Selon le dernier rapport sur l'insécurité alimentaire à Gaza, publié en décembre, 100 000 enfants de moins de cinq ans souffrent de malnutrition et ont besoin de soins, dont 31 000 sont des cas graves. Au moins une centaine d’enfants sont morts de complications liées au manque de nourriture, selon les chiffres de l’ONU d’août 2025, au plus fort de la faim. Chez les adolescents, le manque de nourriture a également eu des conséquences néfastes et a limité l’apprentissage.

« Parfois, je me sentais faible et incapable de me concentrer parce que je n'avais pas mangé », se souvient Ahmed. « Maintenant, je me vois un peu plus fort, mais j'ai peur que la guerre revienne et que tout s'arrête à nouveau. »

Ils ne se sentent en sécurité nulle part. Parfois, ils entendent des coups de feu lorsqu’ils sont en classe et j’ai du mal à les convaincre de revenir le lendemain.

Rana Ahmed Abu Waked, mère de Gaza

Rana Ahmed Abu Waked a cinq enfants âgés de sept à 15 ans. Les quatre plus âgés vont quatre heures par jour dans une école bombardée de la ville de Gaza où des tentes ont été installées. Ils doivent s'asseoir par terre et, comme il fait très froid, leur mère leur donne des morceaux de tissu qui leur servent de coussins. Pourtant, ils reviennent gelés.

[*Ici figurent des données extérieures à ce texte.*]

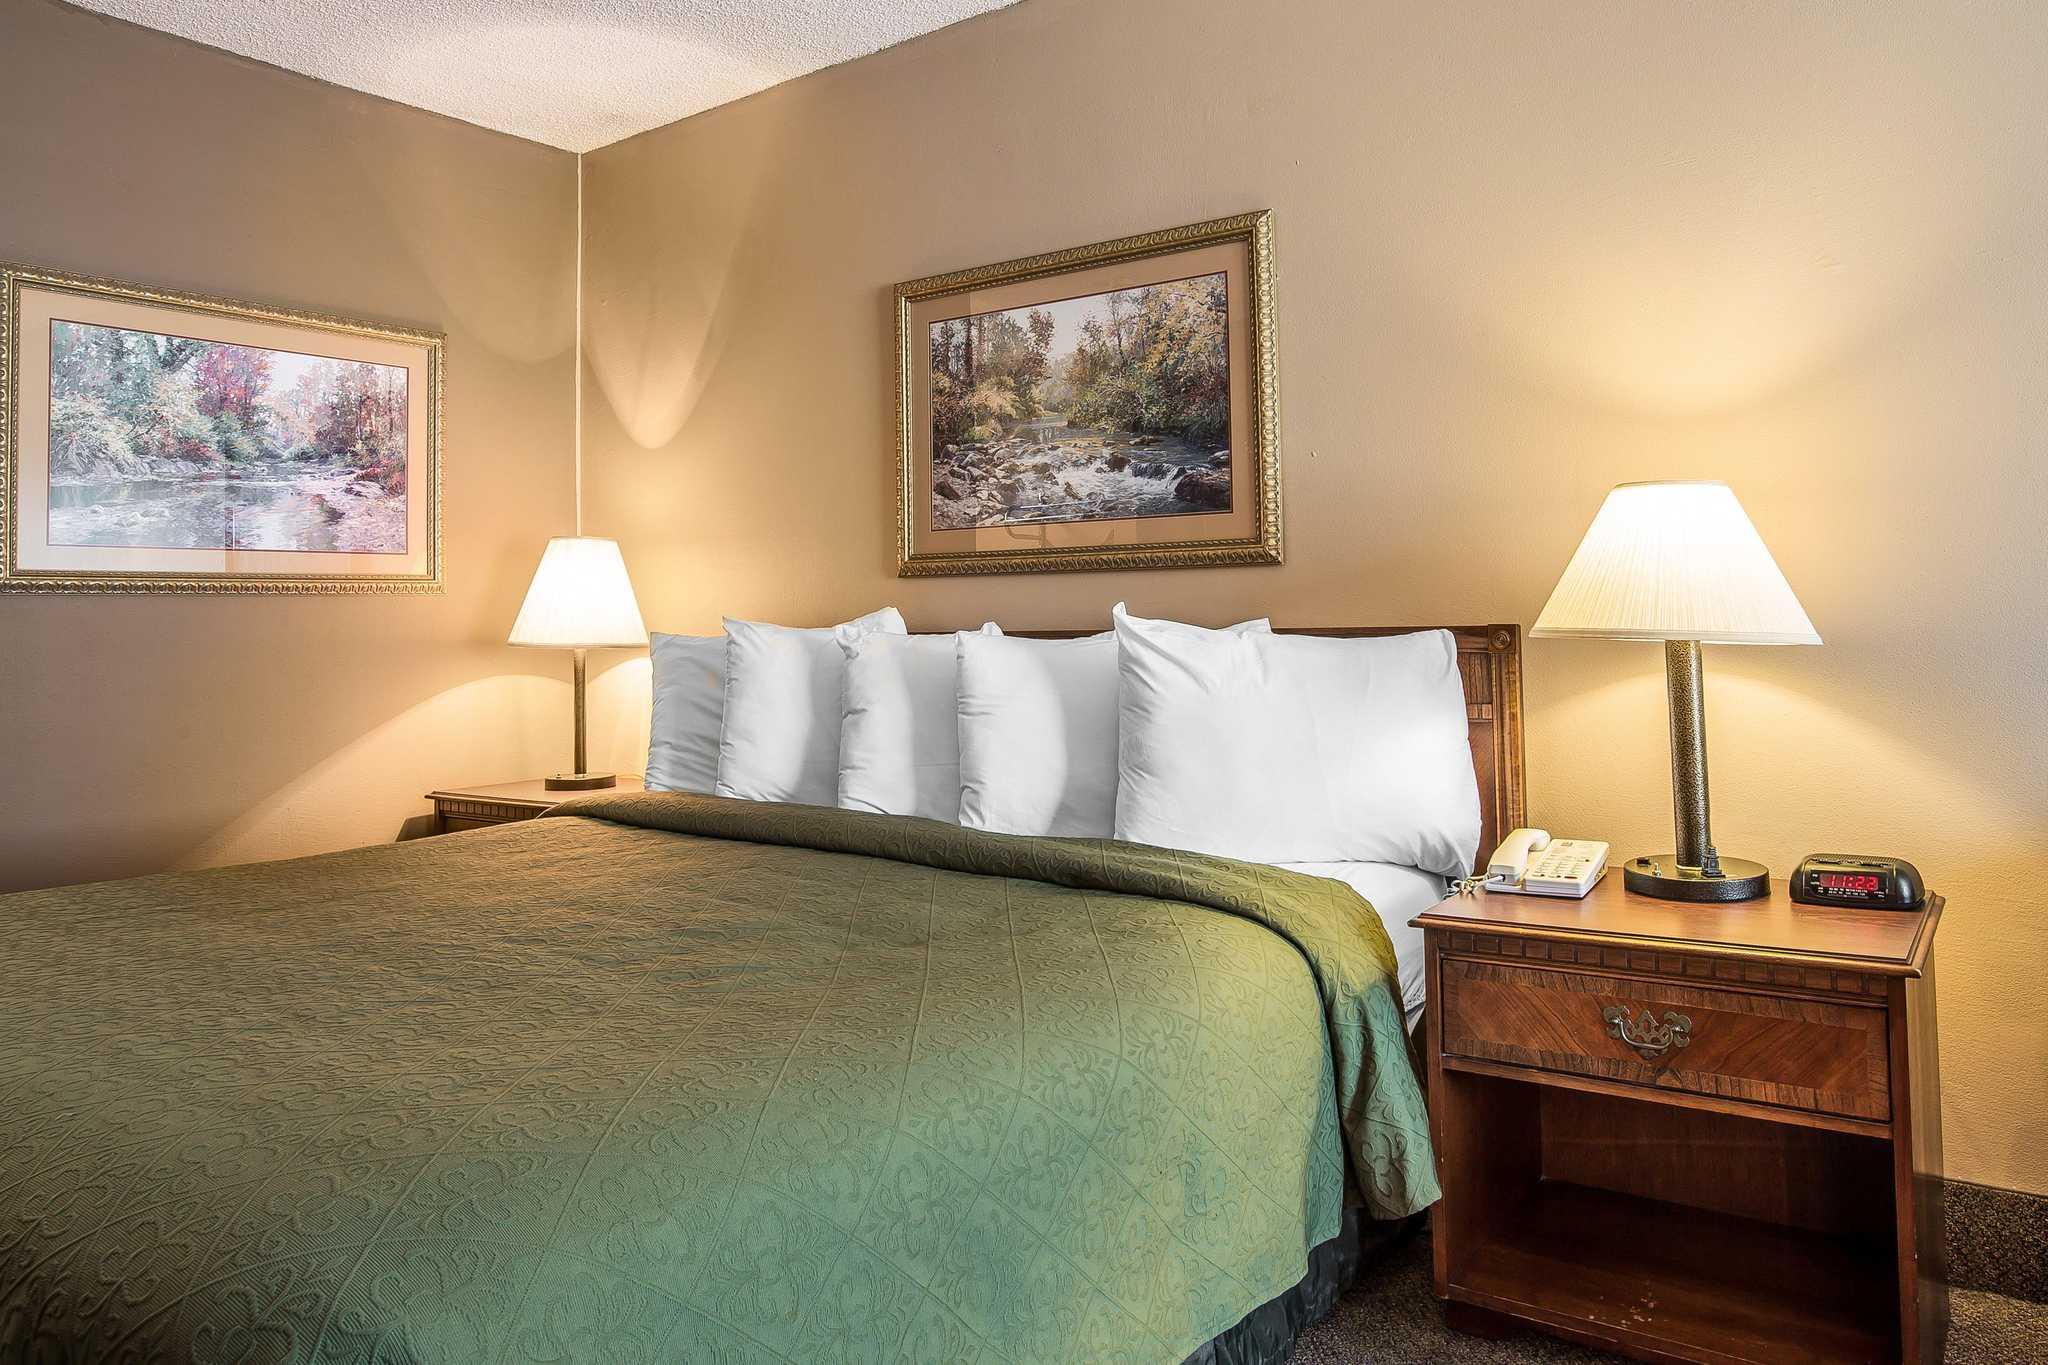 Quality Inn & Suites Mt. Chalet image 0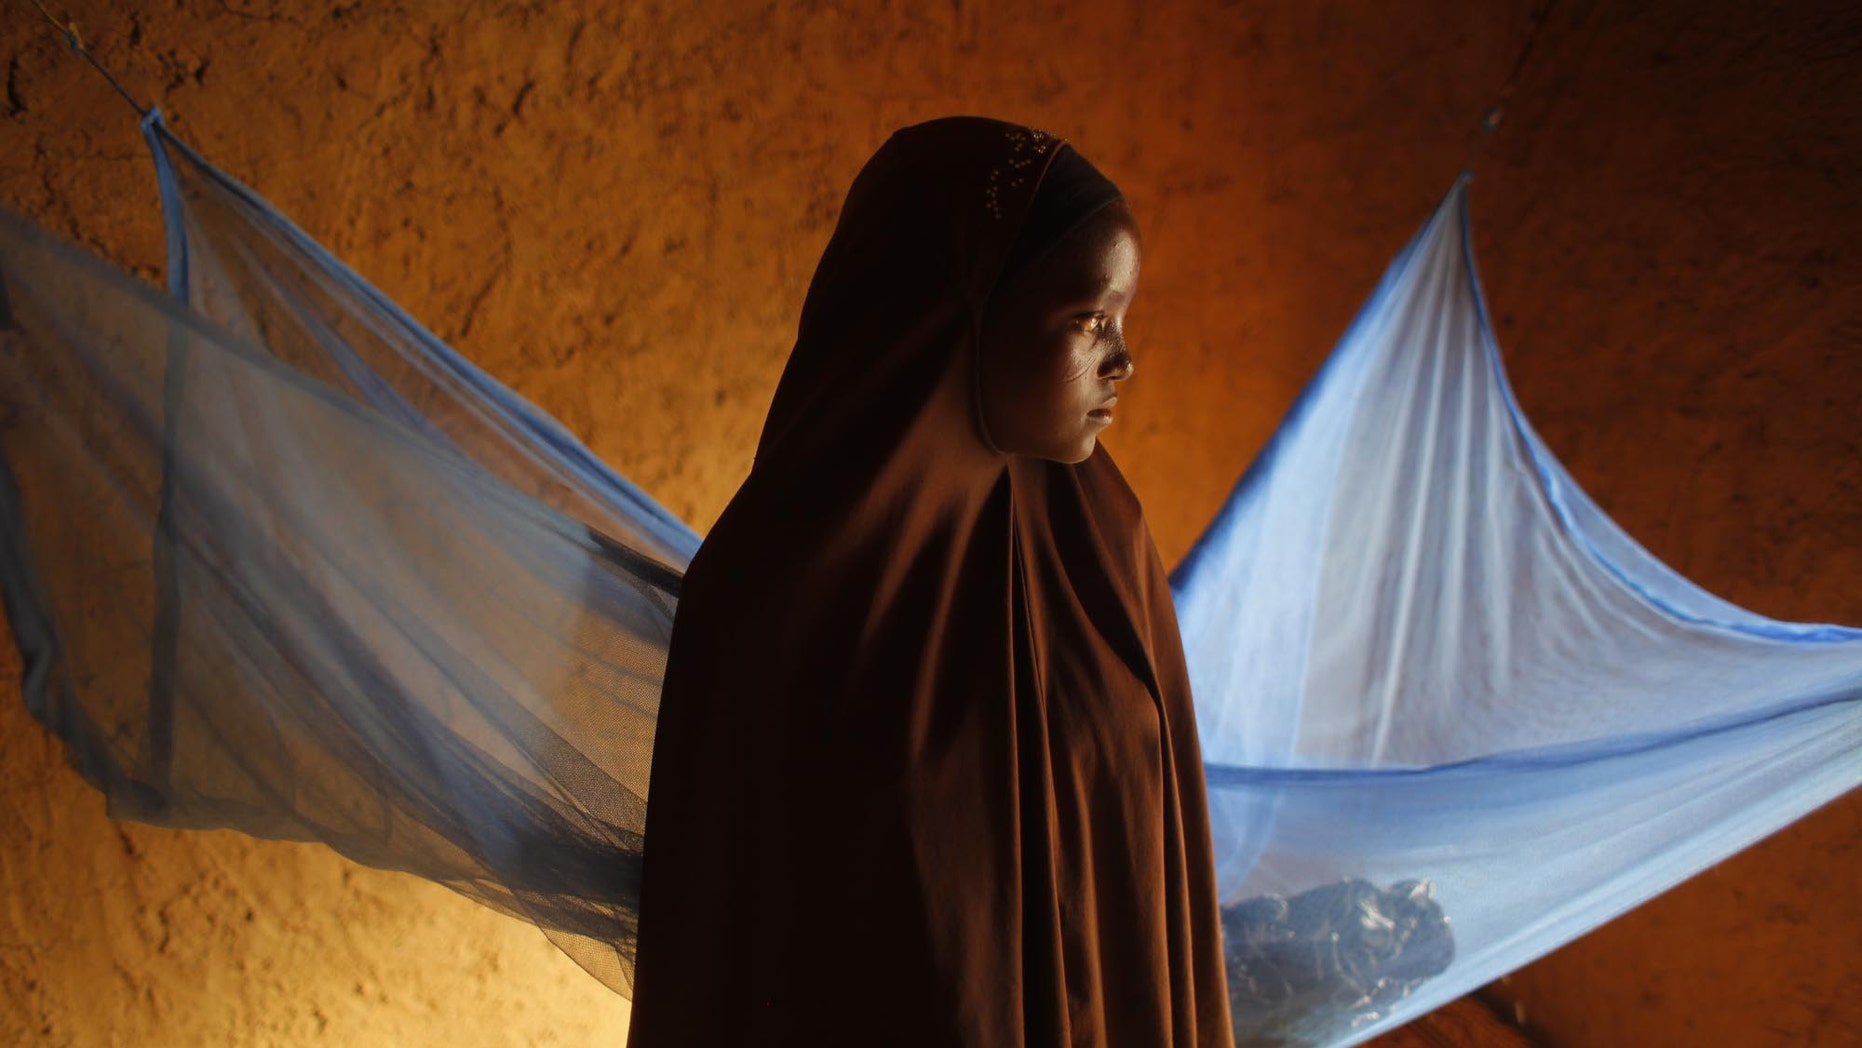 July 18, 2012 - FILE photo of Zali Idy, 12, posing in her bedroom in the remote village of Hawkantaki, Niger. Zali was married in 2011.

« Ils ont peur d'y aller parce qu'ils ont encore peur des bombes. Ils me disent qu'ils ont peur de ne pas revenir ou que quelque chose m'arrive et de ne plus me revoir. Ils ne se sentent en sécurité nulle part. Parfois, ils entendent des coups de feu quand ils sont en classe et c'est très difficile pour moi de les convaincre de revenir le lendemain », explique-t-il à ce journal.

Mais aujourd'hui est un bon jour car Naya, 11 ans, vient de rentrer chez elle avec le premier examen qu'elle a passé depuis octobre 2023 et elle a obtenu une très bonne note. « La fille est contente », explique sa mère en envoyant via WhatsApp une image du contrôle, effectué sur une page arrachée d'un cahier. Abu Waked explique que l'on trouve désormais des cahiers et des stylos sur les marchés et qu'il essaiera de leur en acheter et de les faire partager.

Mais leur fils de sept ans, le plus jeune, ne peut pas assister à ces cours car leurs papiers d'identité ont été brûlés dans un attentat à la bombe et ils n'ont pas pu les renouveler. « A son âge, il ne sait toujours pas écrire. J'essaye de lui apprendre », raconte cette maman.